Ворота открылись, пересылка хлынула в них, но, несмотря на жуткий холод, никто не помчался в барак, все сгрудились вокруг всесильного начальника. Тот повернулся к капитану:

- Это что, пересылка?! И живут вместе с теми? Вы что, бляди, с ума сошли? Мне нужны здоровые люди для промывочного сезона! Сейчас же всех комиссовать, здоровых до обеда этапировать, слабых вернуть в отделения, откуда выписали! На пересылке оставить до весны трех дневальных и ампутированных. Остальных рассортировать. В пять приду смотреть. Действуйте! - Он сел в машину и был таков.

Не успели ребята рассказать нам ошеломляющую новость, как вторую смену погнали в столовую, а в барак затащили длинный стол, разложили на нем истории болезней и другие документы и начали комиссовать. В бумаги никто не заглядывал, все решала упитанность. Четыре врача мгновенно пропустили нашу половину, признав годными к этапу только восемнадцать человек. Затем отвели нас в столовую и велели ждать, пока подойдет другая смена - у них нашлось всего десять годных! Из столовой нас маленькими группами повели в приемный покой, потом в наши старые отделения.

3

Вернувшихся в больнице встретили недружелюбно. Но приказ есть приказ, и нас рассортировали. Инфекционное отделение в мое отсутствие расширили, оно теперь занимало помещение бывшего психиатрического. Палата, в которую я попал, располагалась вне закрытого коридора. Миллер сидел прямо против наших дверей, посылал нам иногда сердитые взгляды, но был бессилен воспрепятствовать нашему выходу в общий коридор. В палате лежали в основном такие, кто был слишком слаб для нарушения режима. Из моих друзей в смене не было никого, распоряжался Луйка, он положил меня в примыкавший к палате бокс, где был еще один человек, который стонал и метался в жару и даже не повернулся ко мне. Две другие кровати пустовали.

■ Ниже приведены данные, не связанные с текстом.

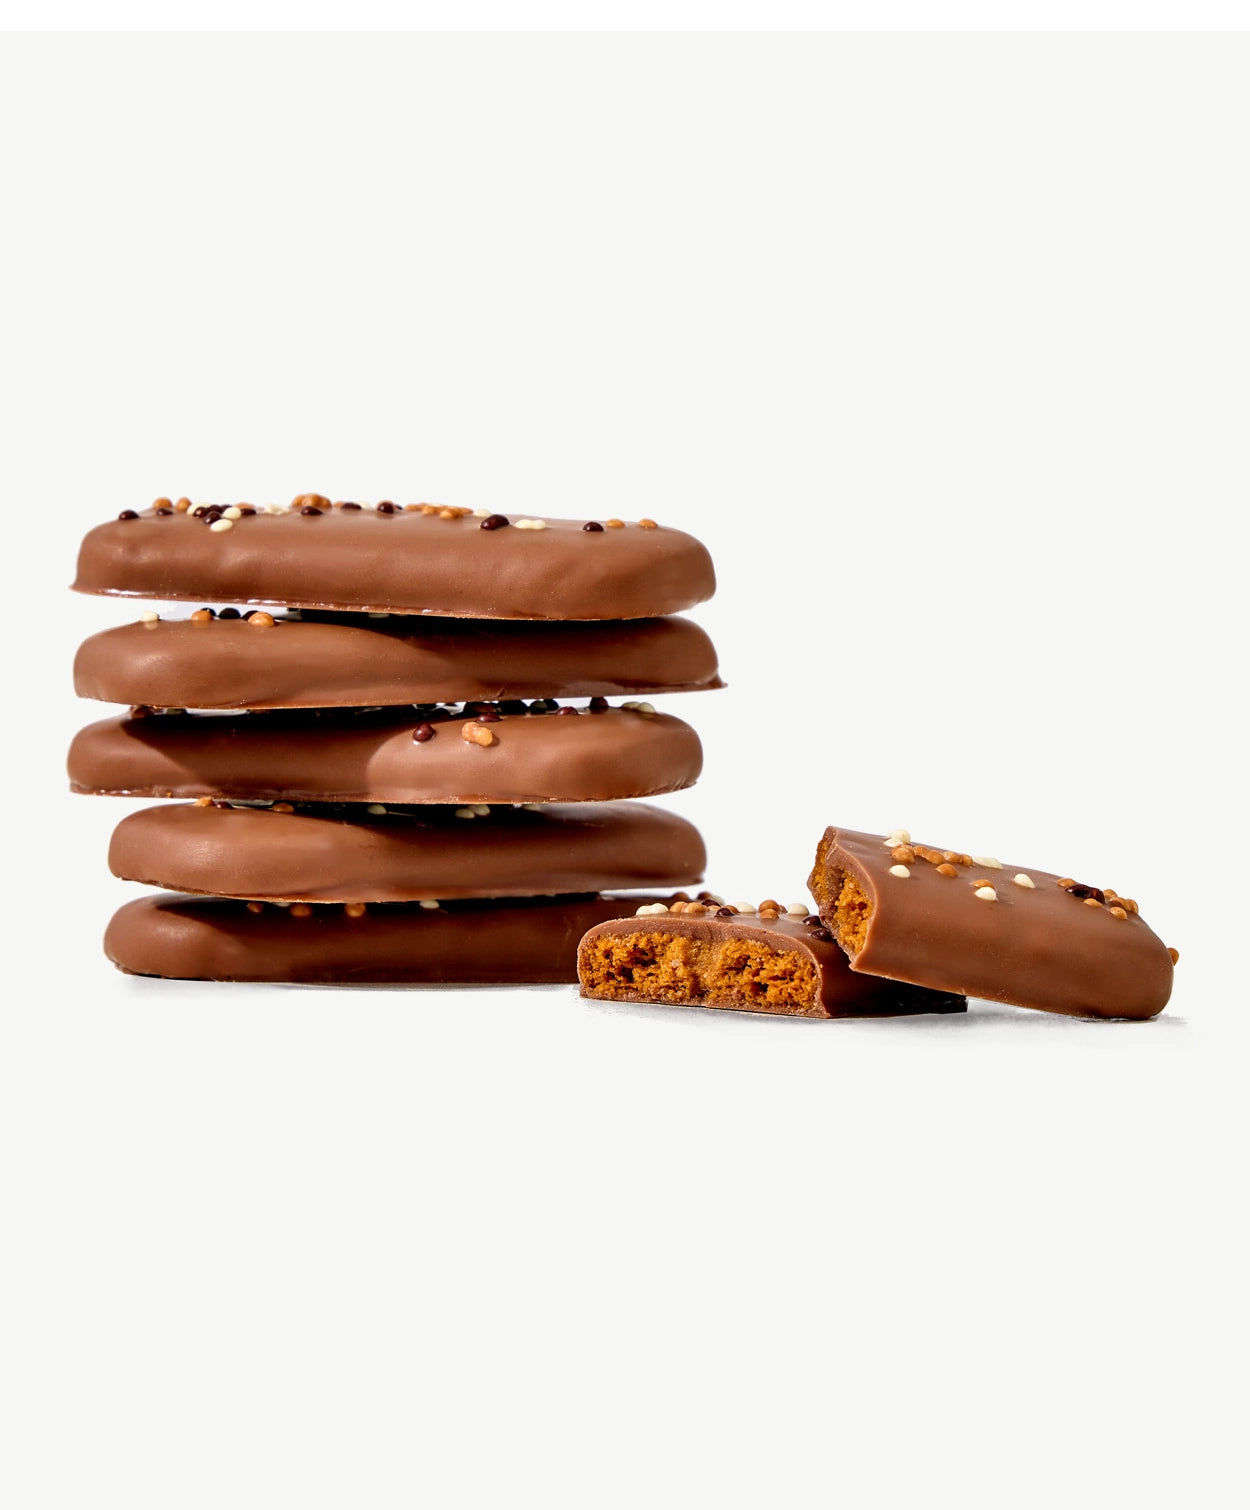 A small stack of Vosges Chocolate dipped Belgian Speculoos Cookies adorned with sprinkles on a white background.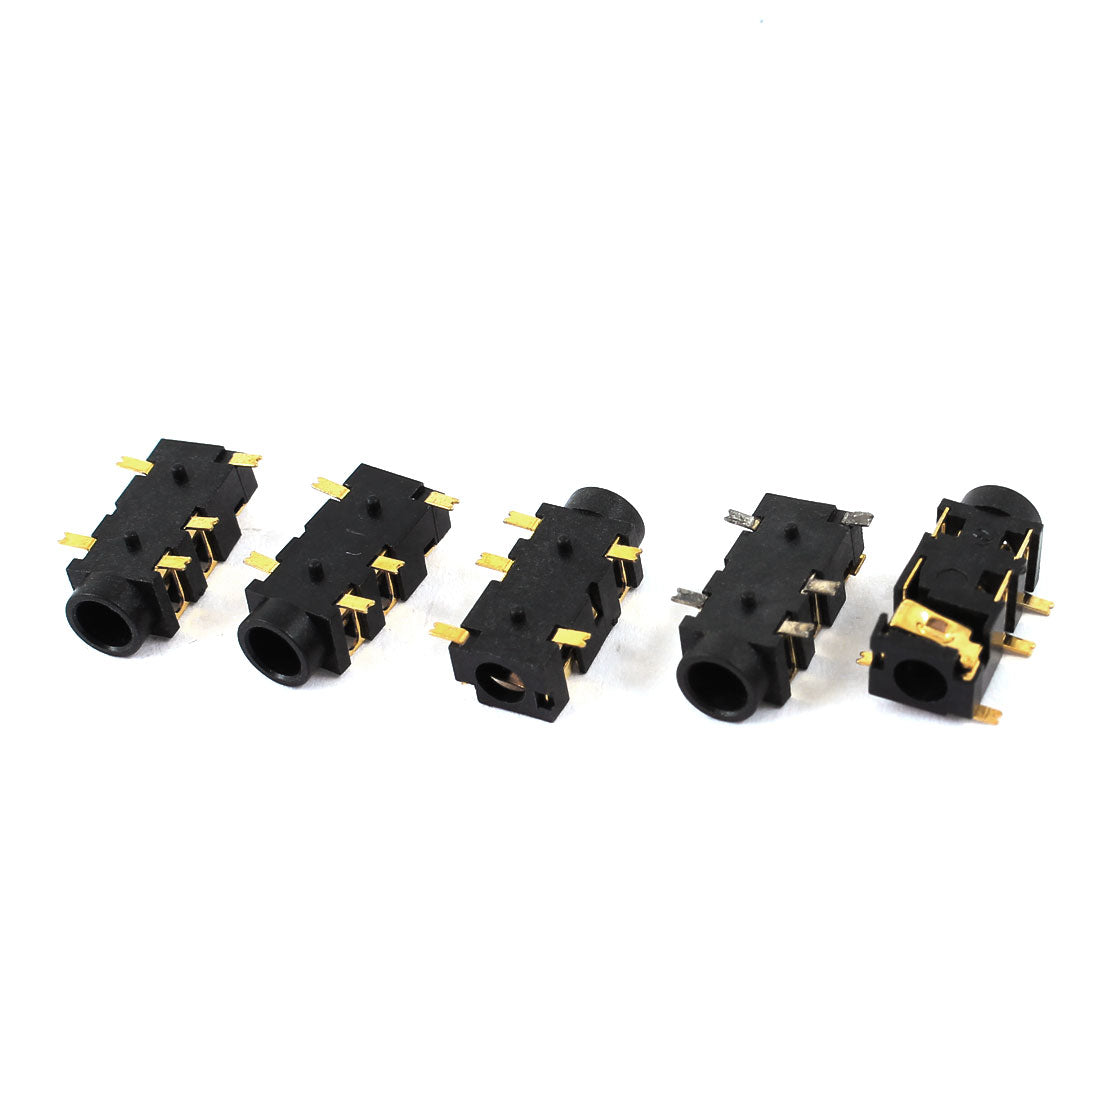 uxcell Uxcell 5pcs 3.5mm Female 5-Pin SMT Surface Mounted Devices PCB Headphone Earphone Stereo Jack Sockets Connectors Black

Заглянул новый фельдшер, молодой латыш с приятным лицом и большими девичьими глазами. Я его прекрасно помнил, так тесна великая Колыма - всегда встречаешь знакомых! Но он не подал вида, что знает меня. Тогда он был фитилем, избитым, грязным, несчастным, а теперь находился гораздо выше меня в лагерной иерархии. Имя его я позабыл. На "Новом Пионере" он часто обедал у меня в будке из толя, где стояли мои титаны. Имея связь с кухней, в еде я не нуждался и жалел его, очень уж он молодо выглядел! В лагере царствовал ужасный произвол, люди умирали, как мухи, именно там происходило то, о чем я рассказал в "Колымском юморе"… Однажды ребята принесли этого парня на руках из бани, положили в санчасть, ждали конца, но он вытянул главный выигрыш в этой лотерее, где ставкой была сама жизнь: на следующий день ему пришла посылка! Подкупив нарядчика, хлебореза, старосту - о других не знаю, - он попал на этап в больницу, где окончил курсы фельдшеров и устроился на работу.

С невозмутимым видом фельдшер записал мои жалобы в историю болезни и собрался уходить, но я остановил:

- Назначьте мне второй стол, я желудочник.

Он что-то пометил и вышел. Я был рад: не придется теперь без конца хлебать отвратительно жидкие, зеленые и совершенно бестолковые щи. Второй стол получал все мучное и питательное… Новое начало было неплохим.